Aladdin was about to enter to a magical cave, led by the evil sorcerer who disguised himself as Aladdin's uncle, found a strange magical flying carpet at the entrance. There were some strange creatures guarding the entrance of the cave. Aladdin could run, but he knew that there was a high chance of getting caught. So, he decided to use the magical flying carpet. The carpet was rectangular shaped, but not square shaped. Aladdin took the carpet and with the help of it he passed the entrance.

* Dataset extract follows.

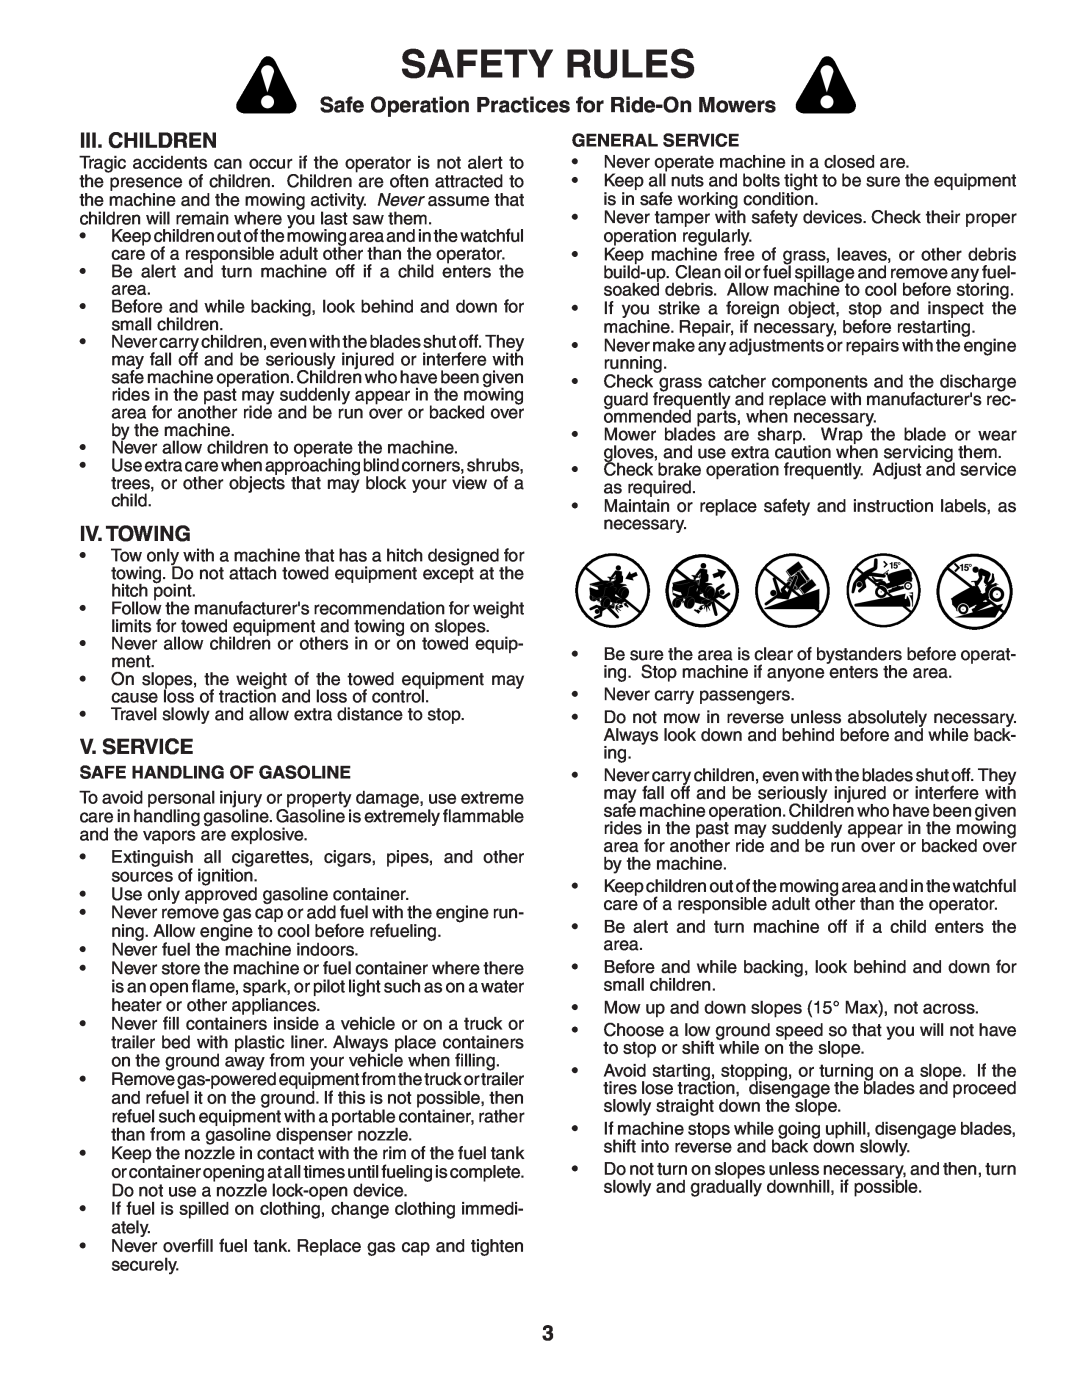 Poulan BB185H42LT manual Iii. Children, Iv. Towing, V. Service, Safety Rules, Safe Operation Practices for Ride-OnMowers

Now you are given the area of the carpet and the length of the minimum possible side of the carpet, your task is to find how many types of carpets are possible. For example, the area of the carpet 12, and the minimum possible side of the carpet is 2, then there can be two types of carpets and their sides are: {2, 6} and {3, 4}.
Input
Input starts with an integer T (≤ 4000), denoting the number of test cases.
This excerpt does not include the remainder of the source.